Parlamenterler Ortası Kudüs Platformu’nun kuruluşundan bu yana geçen müddette kıymetli bir boşluğu doldurduğunu memnuniyetle müşahede ettik. Türkiye-Filistin dostluk gurubu himayelerinde 34 ülkeden 157 üye ile 9 yıl önce başlayan teşebbüs bugün 2 bin üyeye ulaştı. Platform faaliyetleriyle toplantı ve konferanslarıyla farklı alanlardaki çalışmalarıyla Filistin davasının global ölçekte sesi ve nefesi oldu. Birleşmiş Milletler kararlarına, prensiplerine, milletlerarası normlara uygun olarak Kudüs ve Filistin’e hizmet eden siz kardeşlerimi tebrik ediyorum. Müslüman olmanın Müslümanca yaşamanın hakkı, hukuku ve adaleti hamasetle savunmanın nitekim sıkıntı olduğu günlerden geçiyoruz.

“HAÇLI ZİHNİYETİNİN TEKRAR HORTLATILMAK İSTENDİĞİNİ GÖRÜYORUZ”
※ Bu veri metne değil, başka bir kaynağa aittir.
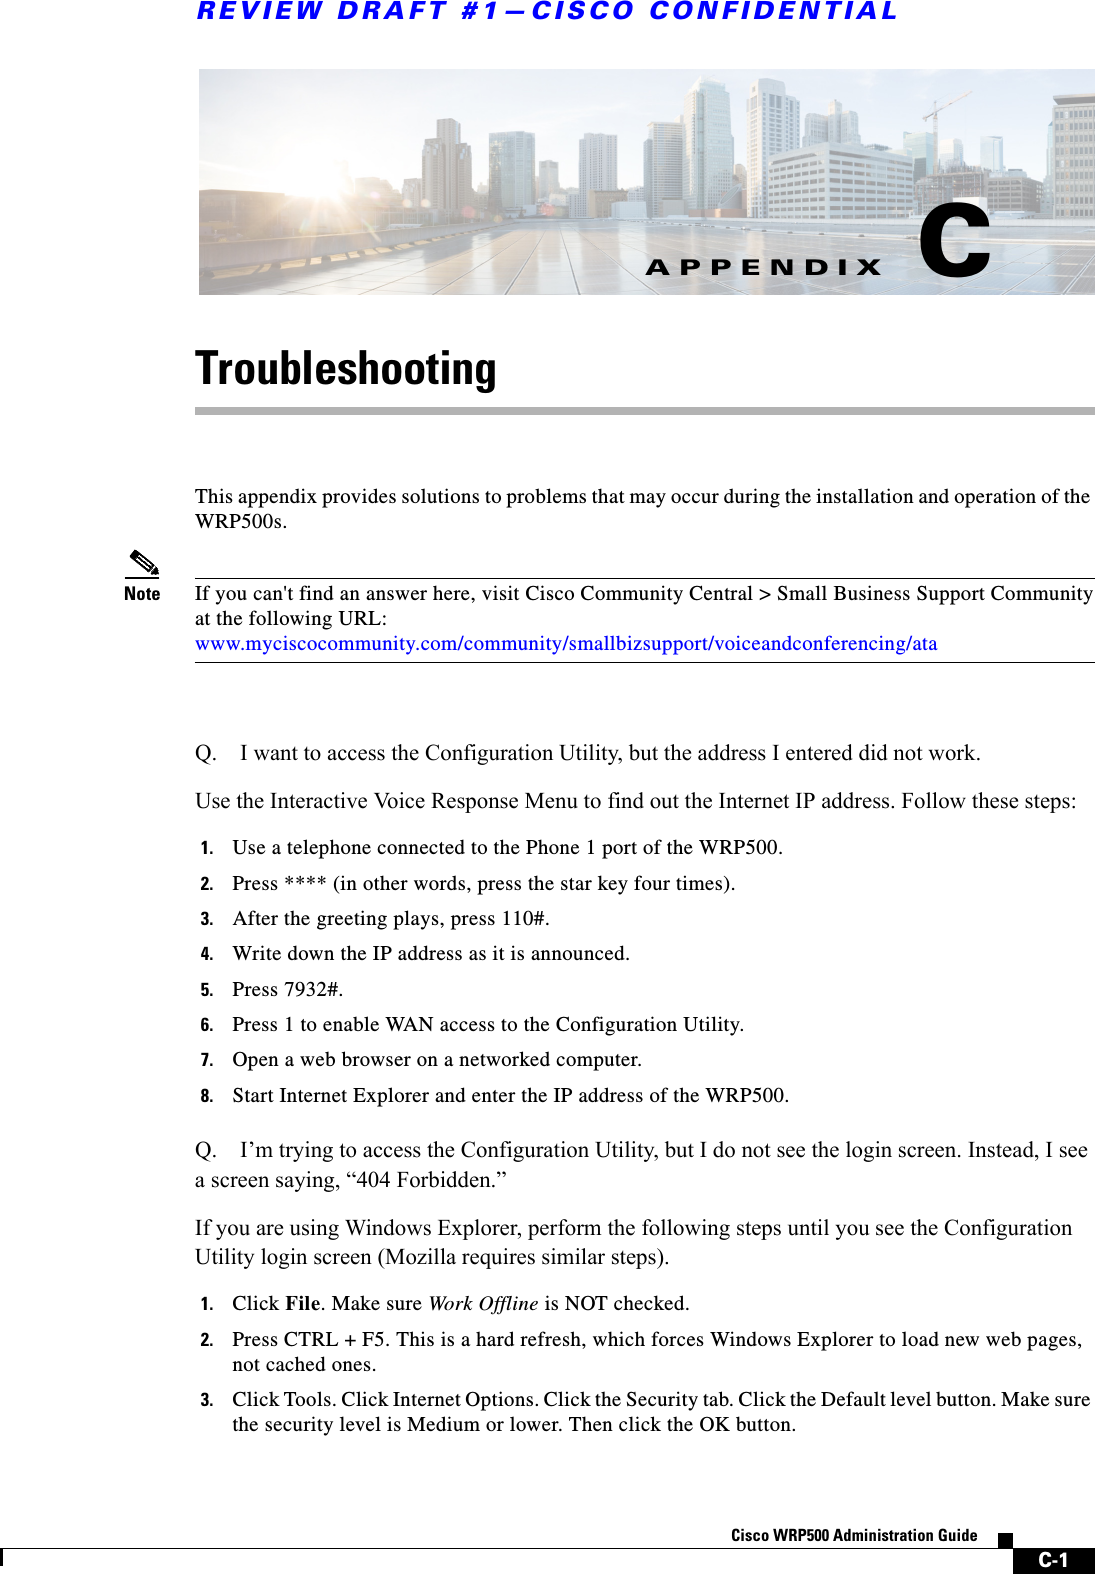 C-1Cisco WRP500 Administration Guide APPENDIXREVIEW DRAFT #1—CISCO CONFIDENTIALCTroubleshootingThis appendix provides solutions to problems that may occur during the installation and operation of the WRP500s. Note If you can&apos;t find an answer here, visit Cisco Community Central &gt; Small Business Support Communityat the following URL:www.myciscocommunity.com/community/smallbizsupport/voiceandconferencing/ataQ. I want to access the Configuration Utility, but the address I entered did not work.Use the Interactive Voice Response Menu to find out the Internet IP address. Follow these steps:1. Use a telephone connected to the Phone 1 port of the WRP500.2. Press **** (in other words, press the star key four times).3. After the greeting plays, press 110#.4. Write down the IP address as it is announced.5. Press 7932#.6. Press 1 to enable WAN access to the Configuration Utility.7. Open a web browser on a networked computer.8. Start Internet Explorer and enter the IP address of the WRP500.Q. I’m trying to access the Configuration Utility, but I do not see the login screen. Instead, I see a screen saying, “404 Forbidden.”If you are using Windows Explorer, perform the following steps until you see the Configuration Utility login screen (Mozilla requires similar steps).1. Click File. Make sure Work Offline is NOT checked.2. Press CTRL + F5. This is a hard refresh, which forces Windows Explorer to load new web pages, not cached ones.3. Click Tools. Click Internet Options. Click the Security tab. Click the Default level button. Make sure the security level is Medium or lower. Then click the OK button.

Bilhassa birinci kıblemiz Mescid-i Aksa’nın mahremine, tarihi statüsüne ve kutsiyetine yönelik tacizler giderek artıyor. İşgalci İsrail tarafından Kudüs’ün kadim kimliği adım adım yok ediliyor. Kandan ve gözyaşından beslenen haçlı zihniyetinin tekrar hortlatılmak istendiğini görüyoruz. Haçlı seferleri ile yakılıp yıkılan Kudüs’ü tekrar ayağa kaldıran ve dört asır boyunca bir iyilik diyarı haline dönüştüren ecdadın torunları olarak Filistin’de yaşanan menfi-müspet her gelişmeyi yakından takip ediyoruz.

“HİÇBİR GÜÇ KALBİMİZDEN KUDÜS SEVGİSİNİ SÖKEMEZ”

Resulü Ekrem efendimizin şu tavsiyesi Kudüs davasında ecdadımız üzere bizim de rehberimizdir. “Beytülmakdis’e gidin ve orada namaz kılın. Şayet oraya gidemez ve orada namaz kılamazsanız oranın kandillerini aydınlatacak yağ gönderin.” Evet Mescid-i Aksa yalnızca birinci kıblemiz değildir. Birebir vakitte Hz. Nebi’nin ve ondan evvel gelen peygamberlerin de bize emanetidir. Kudüs’i Şerif’in her köşesinde bu kutlu beldeye 400 yıl boyunca büyük sevda ile hizmet etmiş kahraman ecdadımızın izi, yapıtı ve mührü vardır. Kimse bu izleri silemez, hiçbir güç kalbimizden Kudüs sevgisini sökemez. Burada şu gerçeği bir sefer daha tabir etmek istiyorum.

Az evvel de söylendi, Türkiye olarak La ilahe illallah İbrahim Halilullah lafzında sembolleşen kuşatıcı anlayışla Kudüs’e sahip çıkmayı bir vazife biliyoruz.

“KUDÜS’Ü SAVUNMAK İNSANLIĞI SAVUNMAKTIR”

Kudüs’ü savunmanın insanlığı savunmak, barışı savunmak, farklı inançlara saygıyı savunmak olduğu inancıyla çabamızı azimle sürdürüyoruz. 

Son bir asırdır toprakları etap basamak işgal edilen Filistin halkı bugün tarihin en yabanî zulümlerinden birine maruz bırakılıyor. İşgalci zalimler karşısında dik duran Filistin’in yiğit evlatlarını ülkem ve milletim ismine hürmetle selamlıyorum. 7 Ekim’den bu yana yaşananları anlatmaya artık sözler yetersiz kalıyor.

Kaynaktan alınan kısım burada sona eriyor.